2007-06-17 09:54:11 | Weblog
一般的な木造日本家屋。六畳の部屋が二つ。一方は畳。一方はコンクリートのプール。底が知れないほど深い。プールには中学生の少女五人と、大人の男二人が入っている。水着はない。一人の男は私、もう一人はテレビによく出るコメディアン。水鉄砲で水のかけあいをする。水鉄砲は次第に巨大化し、直径一mのものまで登場する。私は不毛な水鉄砲合戦から逃げるためにプールの底に潜る。コメディアンの「あいつは底で油揚げを食うんだ」という非難の言葉が私を追ってくる。私にはその非難の意味が理解できない。水には酸素が溶け込んでいる。まったく苦しくない。何百m潜っただろうか。やっと底までたどり着く。水上の喧騒と違って、水の底は驚くほど静寂だ。所所に灯りがついていて薄っすらと前が見える。私がいるのと向かい側の角に、かつてのアイドル歌手がいる。三十年前、私とこのアイドル歌手は愛し合っている時期があった。しかし、私の無理解から別れることになり、歌手は姿を消した。「三十年ぶりだね」と私は歌手に言う。二人の間に三十年ぶりの愛情が復活したように感じる。「私はここでずっとあなたを待っていた」と歌手は私に言う。歌手は歳を取っていない。水の底では時間が止まっている。私だけが地上の世界で醜く歳を取ってしまったのだ。私はこのままプールの底で歌手と一緒に暮らそうと思う。地上にいる私の家族はなんとかやっていくだろう。ここで三十年も私を待っていた歌手の誠実さに応えなければならない。見るとプールの底には油揚げが浮いている。これを食べていれば生きられる。私にはやっとコメディアンの非難の意味が理解できる。

635夜

2007-06-16 09:31:24 | Weblog
寺の前。
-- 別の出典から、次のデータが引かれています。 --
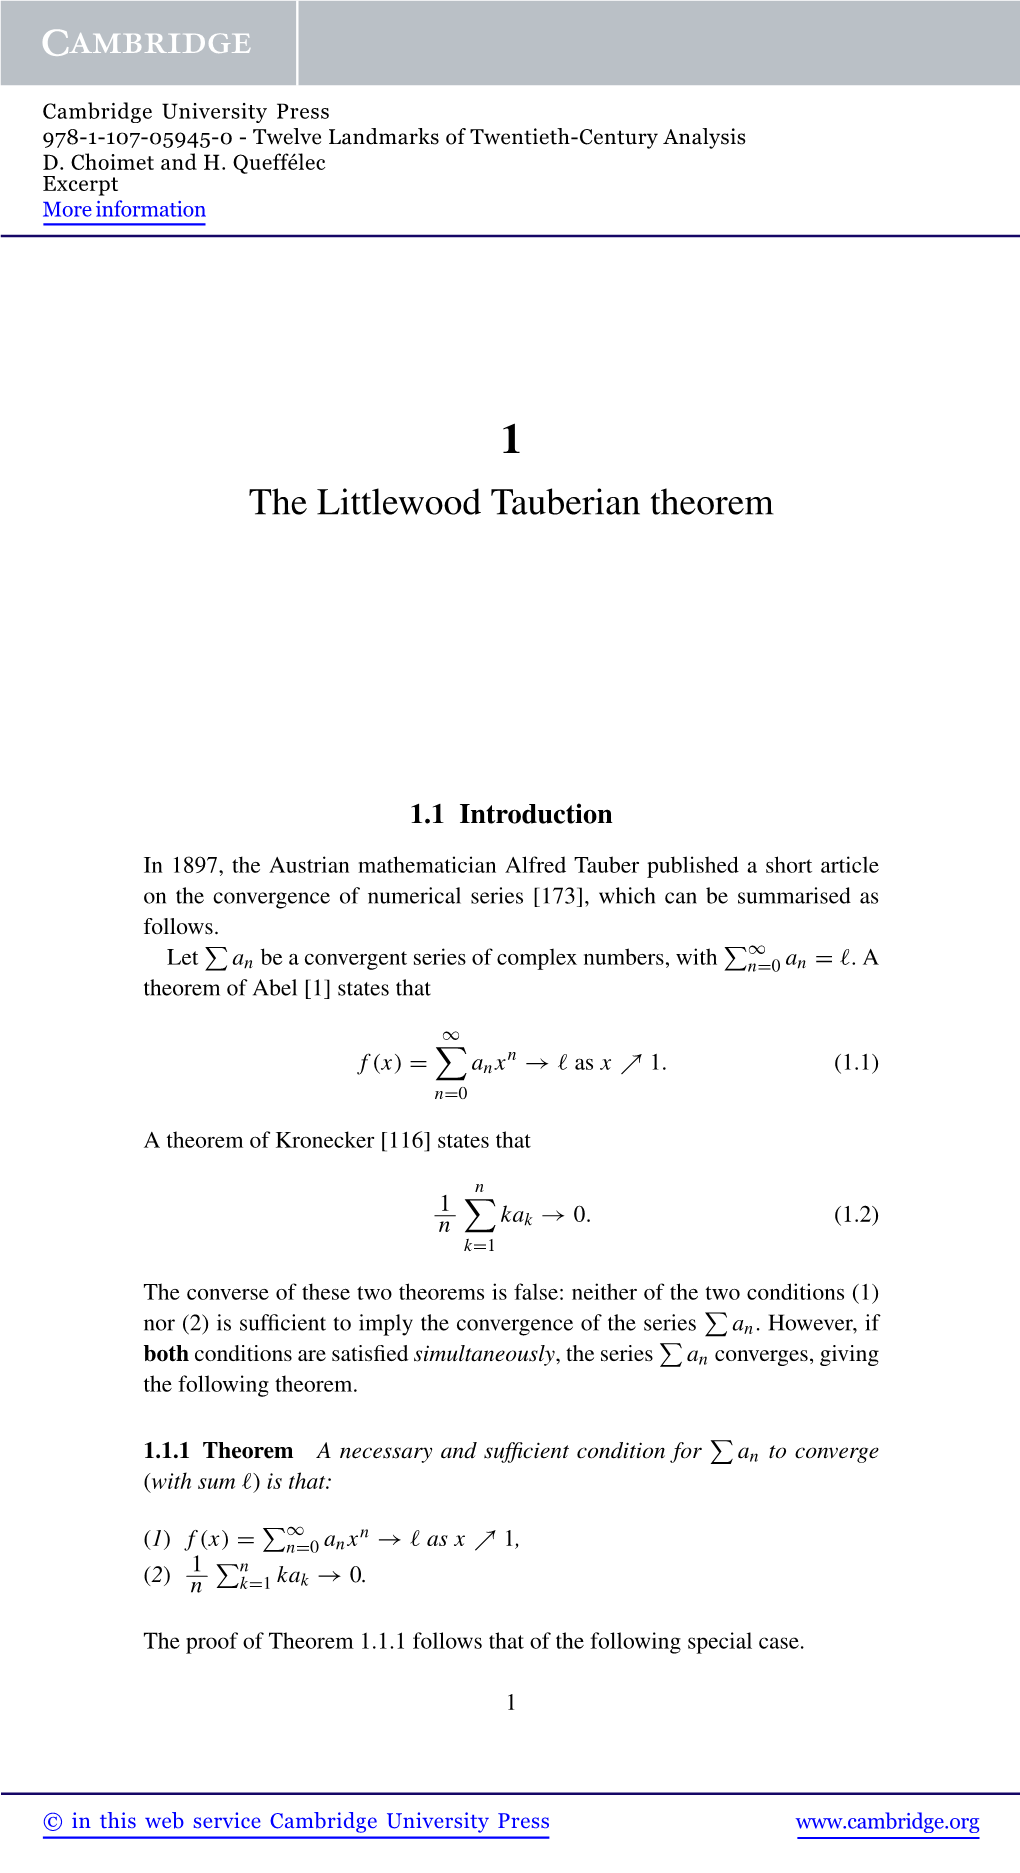 The Littlewood Tauberian Theorem

山門から右に曲がって家の前に続く道に出る。ここから家まで百mだ。私はゆっくり歩いている。人はいない。道の両側に家が櫛比している。が、その中に人の影さえ見えない。周囲は白っぽく輝いている。向こうから白人が自転車にまたがってやってくる。ゆっくり自転車は進んでいる。自転車はリヤカーを引いている。リヤカーの上には白菜が積み上げられている。白菜がやけに白く輝いて見える。白人は鼻歌を歌いながら自転車をこいでいる。日本語の歌だ。が、歌詞はよく聞き取れない。白菜は楽に三十はある。白菜を町で売り歩こうというのだろうか。リヤカーが私のすぐそばを通り過ぎようとしたとき、私は、あることに気づいた。一番上に乗っているのは白菜ではない。人間の生首だ。首の切り口から血が出ていないし、首の下まである長い白髪だったので白菜だと勘違いしていた。知っている人のような気もする。が、確認できない。白人は明るく私に笑いかける。私も笑いを返す。